**Directions**
An unchanged copy of all the lines below is expected, and it should contain no pictures.

**Supplied information**

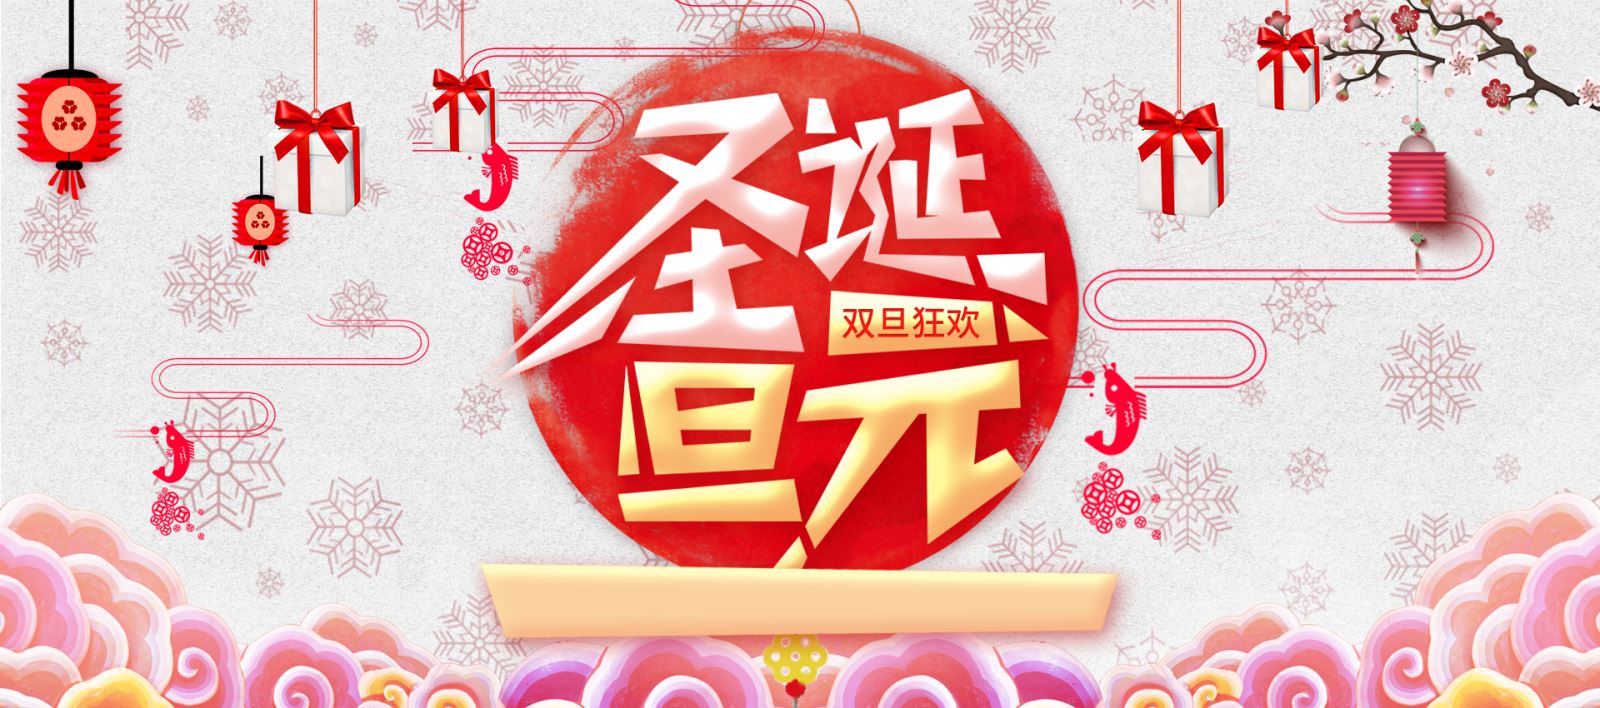 2017.12.25 年末武汉圣诞/元旦最全攻略来了！演唱会、灯光节、舞台剧…都在这条微信里！
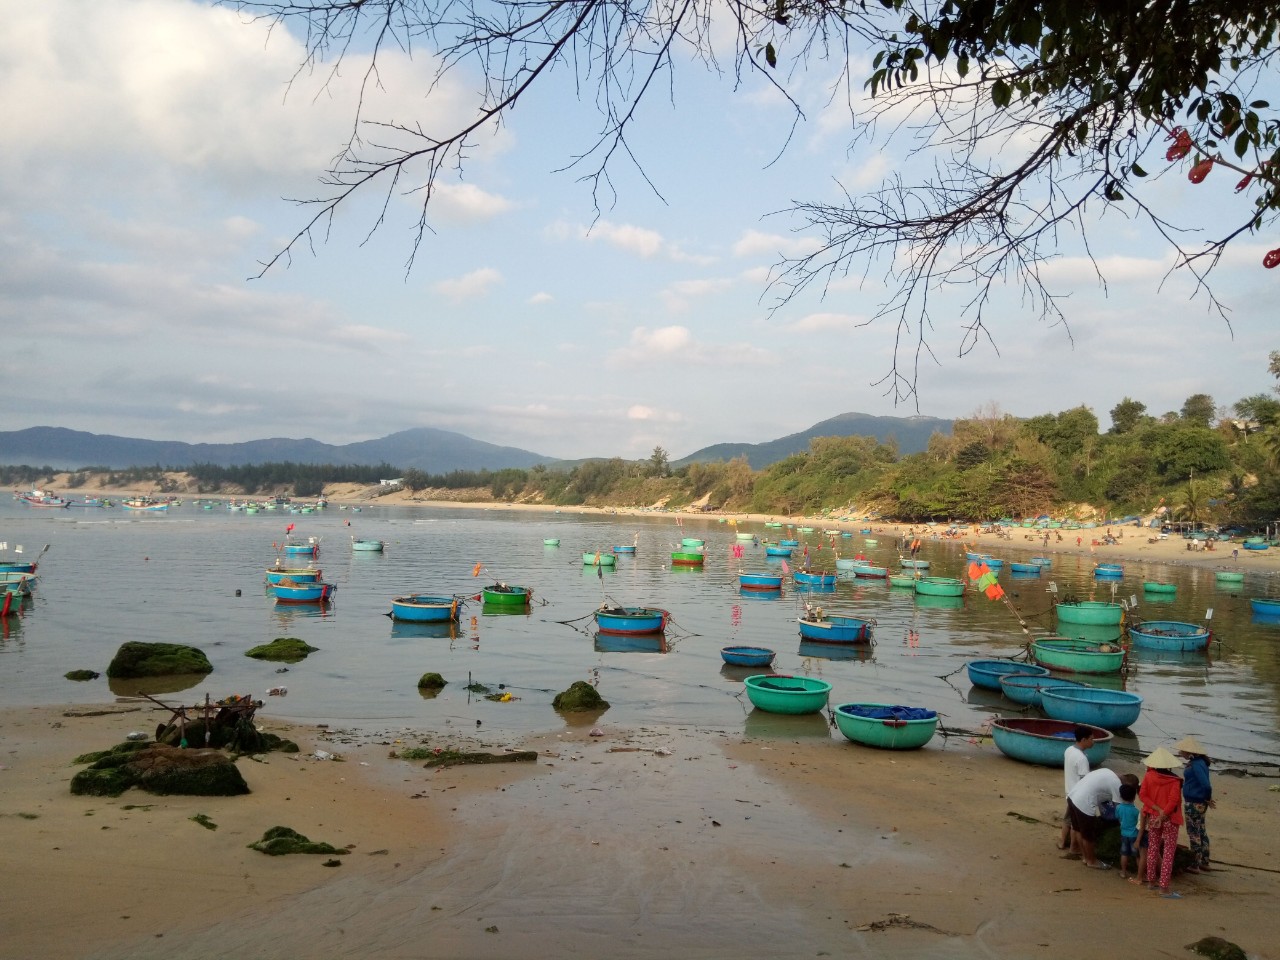 Fotografie cu Tan Phung Beach cu o suprafață de apa turcoaz
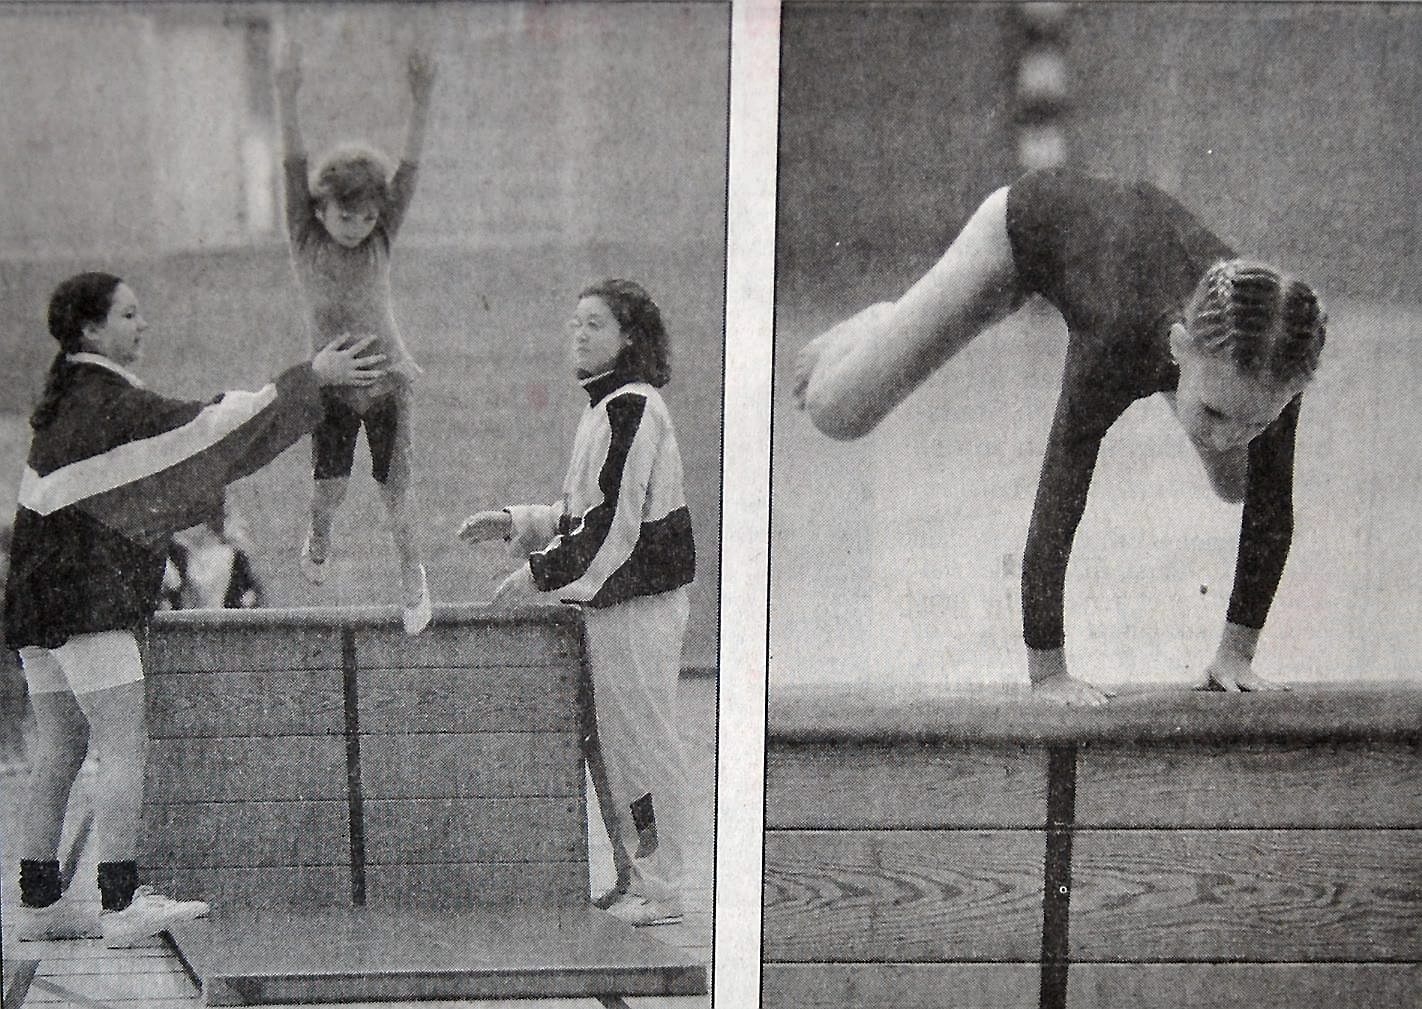 Många duktiga små gymnaster på Örnens uppvisning.
Arkiv: Gugge Nilsson

**Result for this exercise**
 2017.12.25 年末武汉圣诞/元旦最全攻略来了！演唱会、灯光节、舞台剧…都在这条微信里！
 Fotografie cu Tan Phung Beach cu o suprafață de apa turcoaz
 Många duktiga små gymnaster på Örnens uppvisning.
Arkiv: Gugge Nilsson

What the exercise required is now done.